In che senso la Porziuncola è un luogo non solo francescano ma anche «bergogliano»?
«Dando la notizia del Perdono, il 2 agosto 1216, Francesco esclamò: “Io vi voglio mandare tutti in Paradiso”. La Porziuncola diveniva una porta del cielo. Aperta soprattutto per i semplici e i poveri. Casa dove la presenza di Dio si percepisce come una carezza e le pietre hanno il calore di un grembo materno. L’indulgenza fu per Francesco anche un regalo per la gente più umile e priva di mezzi, in un tempo in cui procurarsi questo beneficio spirituale imponeva costosi e lunghi pellegrinaggi. Francesco chiese al Papa una indulgenza «senza obolo». A misura dunque dei nullatenenti! Anche con la Porziuncola egli si faceva difensore e custode dei poveri. Questa cappella a lui cara porta inscritto il suo ideale, rilanciato da papa Francesco: «Una Chiesa povera e per i poveri». Ricevendo, in Porziuncola, l’indulgenza, si percepisce che essa, lungi dal chiuderci in un intimismo auto-referenziale, dilata il cuore. Ci spinge a rimboccarci le maniche per costruire un mondo più giusto, fraterno, accogliente. Un mondo di pace».
L’indulgenza della Porziuncola ha un legame speciale con l’Anno della Misericordia voluto dal primo Papa che nella storia della Chiesa ha scelto di portare il nome del «Poverello»…
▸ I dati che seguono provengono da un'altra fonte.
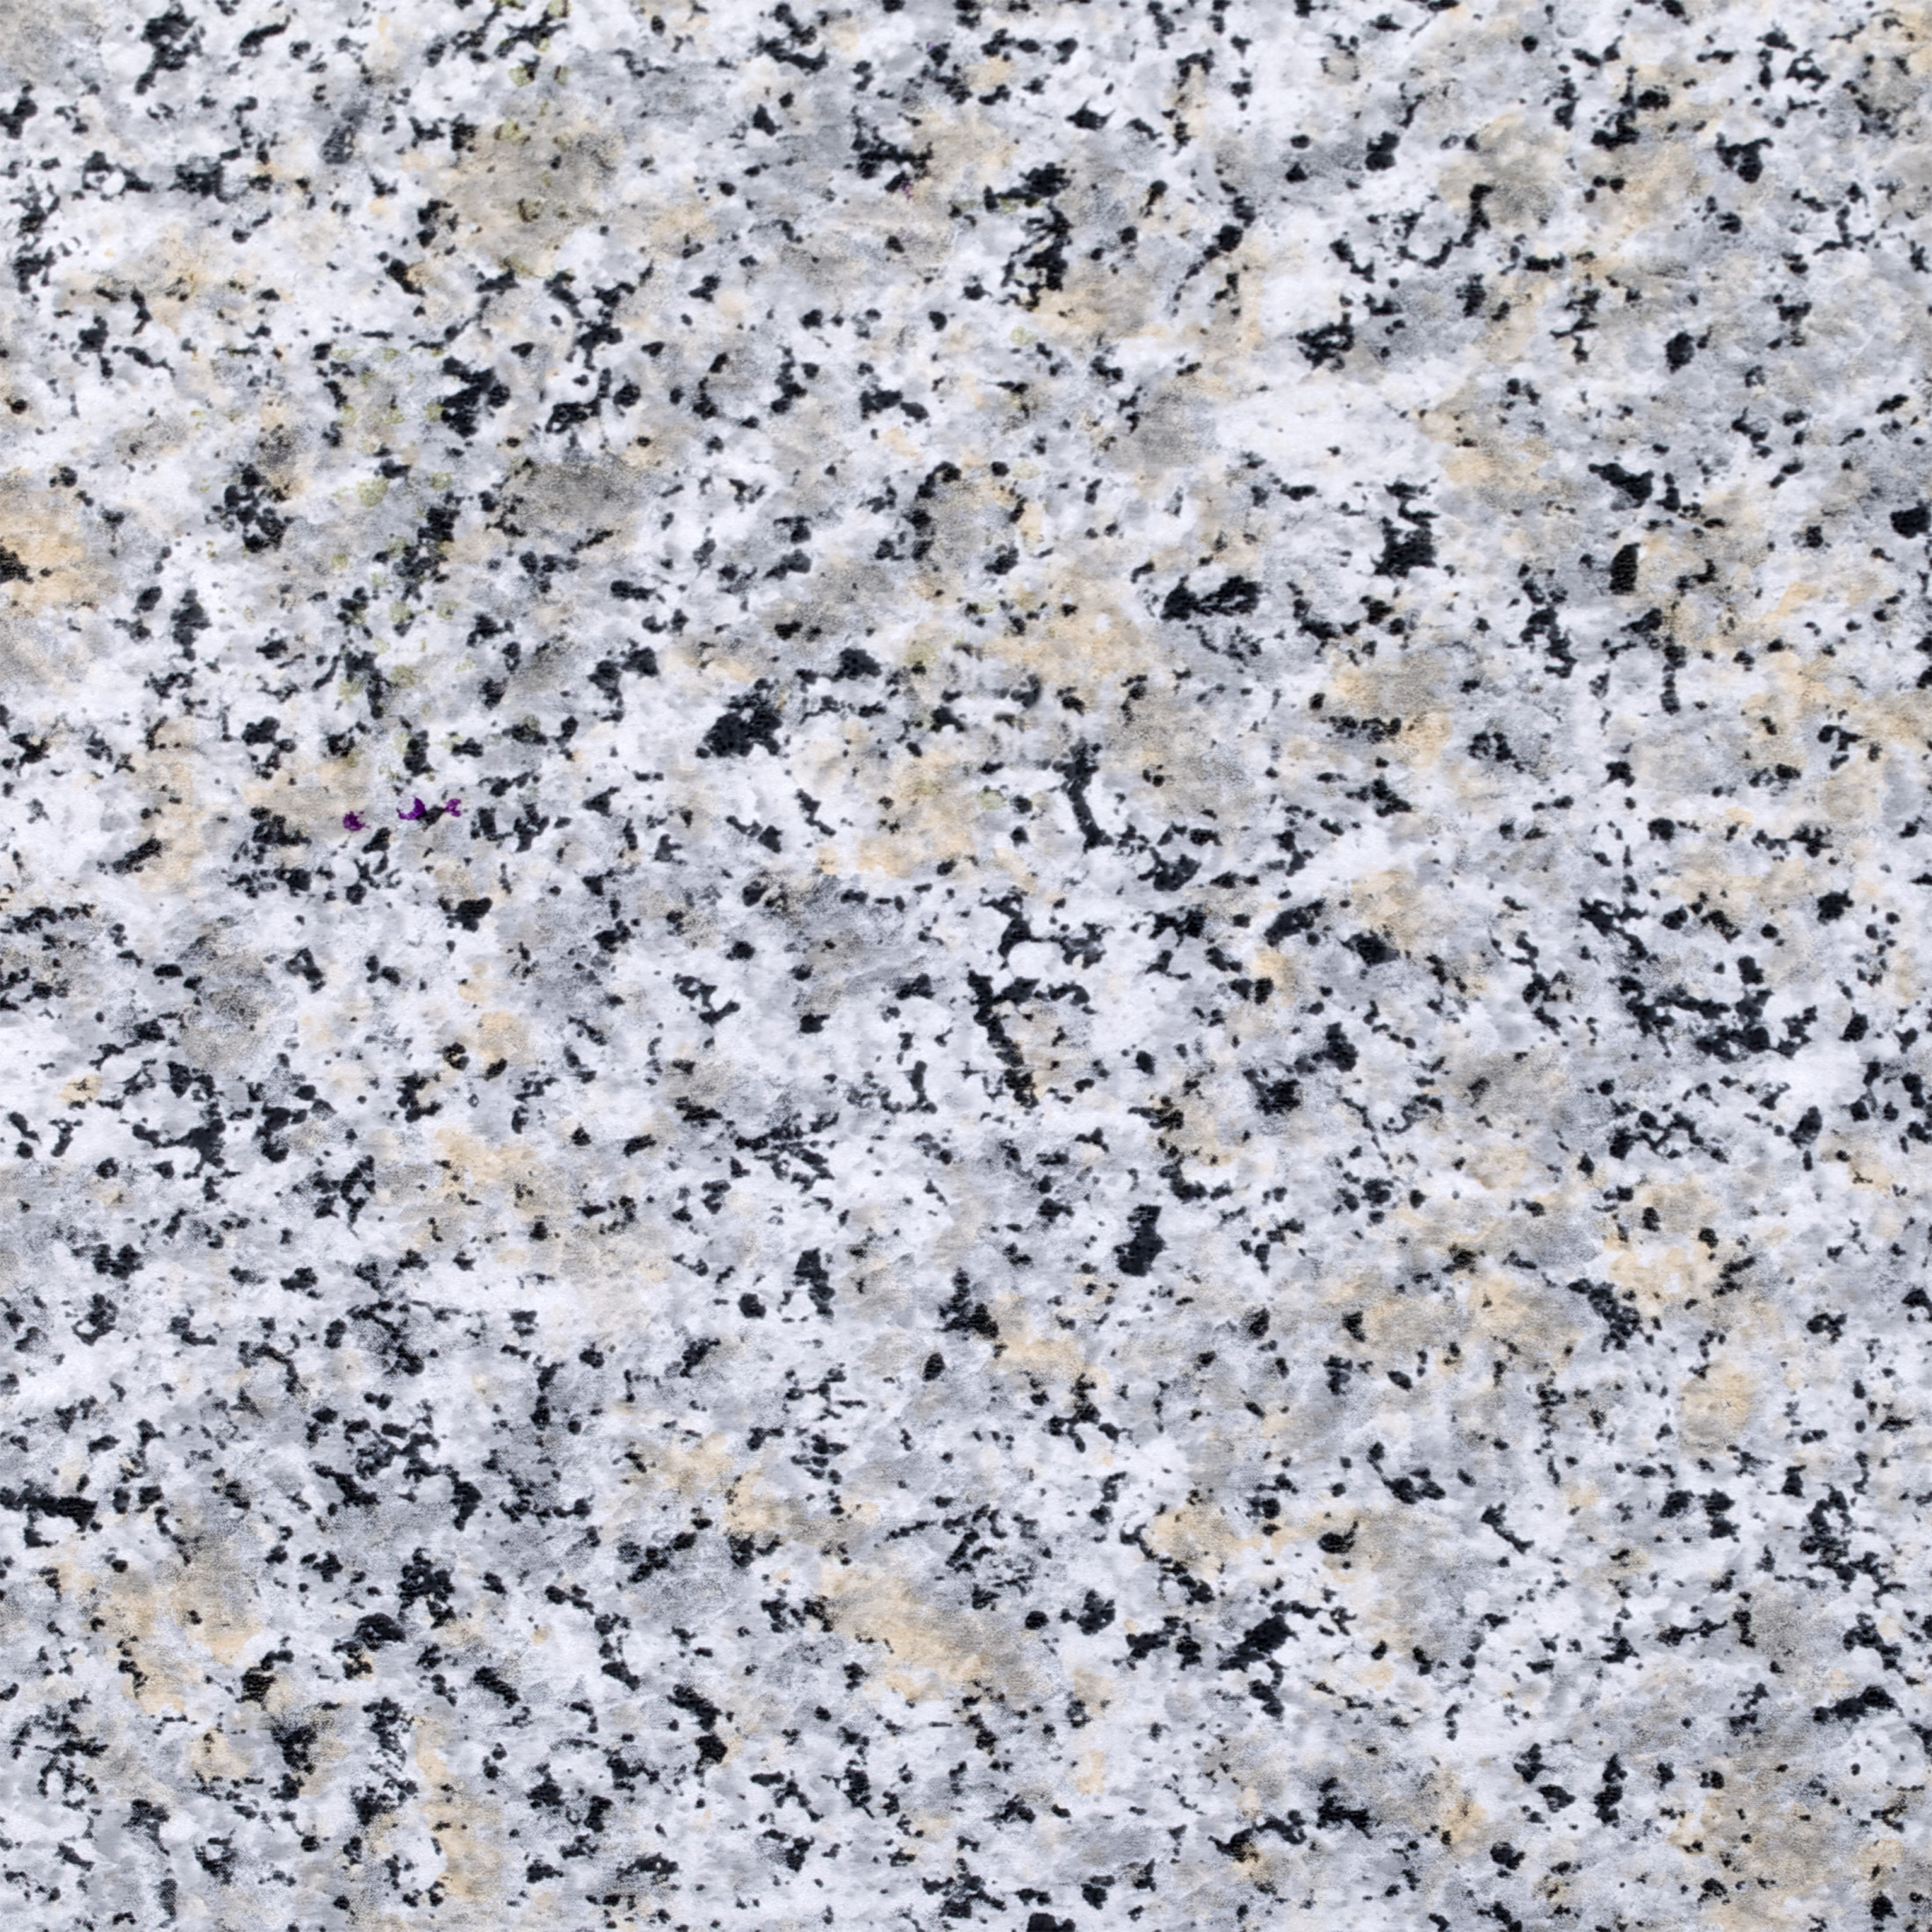 EasyLiner Smooth Top Shelf Liner, Gray Granite, 20 in. x 6 ft.Roll - image 5 of 11

«L’indulgenza è uno squarcio di cielo, è una risposta al bisogno di gioia del nostro cuore. È parola connessa al perdono: perdono speciale, perdono sovrabbondante. Le braccia del Padre che, nella parabola evangelica di Luca 15,11-32, si stringono al collo del figlio ritrovato, il suo bacio, l’invito alla festa, ci sono offerti ogni volta che ci accostiamo al sacramento della riconciliazione. Perdono profondo e pieno. Che cosa aggiunge a tutto questo l’indulgenza? Per comprenderlo occorre riflettere sulla situazione spirituale in cui il peccato ci getta. Alcune conseguenze di esso ci affliggono persino quando esso è stato perdonato. Il peccato lascia in noi delle «scorie» dolorose. Ma il peccato non è solo una colpa da perdonare. È anche una malattia dell’anima. Come l’infermità fisica, anche quella spirituale debilita e presenta spesso postumi che vanno curati. Il sacramento del perdono pone rimedio alla separazione da Dio (per i peccati gravi) o all’allontanamento da lui (per i peccati veniali). Restano per lo più da vincere i residui della malattia. Se non li curiamo in vita, sarà necessario farlo dopo la morte, in Purgatorio. Nasce così l’attuale prassi dell’indulgenza. Purtroppo essa ha conosciuto storicamente abusi che hanno suscitato reazioni e discussioni. Ma nella sostanza quell’intuizione ecclesiale, sviluppata sotto l’azione dello Spirito Santo, rimane un “guadagno” della prassi penitenziale e trova certamente in questo Anno Giubilare voluto da Francesco un riscontro particolare. La grazia dell’indulgenza non è uno sconto sui nostri doveri: tutt’altro! È piuttosto una energia interiore con cui lo Spirito Santo dà nuova forza al nostro impegno, liberandoci – se lo assecondiamo – dai residui delle colpe già perdonate».